Dataset records
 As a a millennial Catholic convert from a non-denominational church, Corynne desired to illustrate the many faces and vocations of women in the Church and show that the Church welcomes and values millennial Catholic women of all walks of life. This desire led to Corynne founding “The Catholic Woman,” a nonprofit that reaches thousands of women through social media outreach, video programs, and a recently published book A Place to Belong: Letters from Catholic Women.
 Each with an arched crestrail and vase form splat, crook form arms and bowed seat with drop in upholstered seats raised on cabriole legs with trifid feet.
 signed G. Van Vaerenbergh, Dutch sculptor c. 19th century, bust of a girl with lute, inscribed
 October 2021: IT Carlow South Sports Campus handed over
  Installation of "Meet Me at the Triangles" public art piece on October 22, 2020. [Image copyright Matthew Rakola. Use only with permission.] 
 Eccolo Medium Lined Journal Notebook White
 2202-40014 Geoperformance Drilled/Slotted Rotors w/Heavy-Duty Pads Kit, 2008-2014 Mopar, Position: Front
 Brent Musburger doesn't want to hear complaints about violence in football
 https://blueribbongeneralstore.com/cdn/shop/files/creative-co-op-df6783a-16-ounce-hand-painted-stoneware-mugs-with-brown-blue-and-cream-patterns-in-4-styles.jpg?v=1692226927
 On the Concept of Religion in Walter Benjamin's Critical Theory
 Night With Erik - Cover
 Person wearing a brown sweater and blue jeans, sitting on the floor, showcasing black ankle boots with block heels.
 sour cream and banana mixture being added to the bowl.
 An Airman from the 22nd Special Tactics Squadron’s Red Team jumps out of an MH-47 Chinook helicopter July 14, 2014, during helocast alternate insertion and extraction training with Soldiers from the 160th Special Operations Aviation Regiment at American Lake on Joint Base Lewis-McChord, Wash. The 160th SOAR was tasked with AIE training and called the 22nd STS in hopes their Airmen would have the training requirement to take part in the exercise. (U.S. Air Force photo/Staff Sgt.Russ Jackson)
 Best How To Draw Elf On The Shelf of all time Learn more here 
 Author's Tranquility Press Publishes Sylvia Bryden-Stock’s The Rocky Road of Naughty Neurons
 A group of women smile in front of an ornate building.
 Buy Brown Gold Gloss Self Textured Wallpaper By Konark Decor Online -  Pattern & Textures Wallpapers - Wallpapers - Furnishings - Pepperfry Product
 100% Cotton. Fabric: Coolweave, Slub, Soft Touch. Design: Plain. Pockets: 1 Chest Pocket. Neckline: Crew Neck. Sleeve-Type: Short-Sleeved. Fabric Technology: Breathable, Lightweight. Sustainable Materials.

### WHAT YOU HAVE TO DO
Please output exactly the lines between the one holding "A group of women" and the one holding "Buy Brown Gold" in the records above, inclusive, and nothing more.

### EXERCISE RESULT
 A group of women smile in front of an ornate building.
 Buy Brown Gold Gloss Self Textured Wallpaper By Konark Decor Online -  Pattern & Textures Wallpapers - Wallpapers - Furnishings - Pepperfry Product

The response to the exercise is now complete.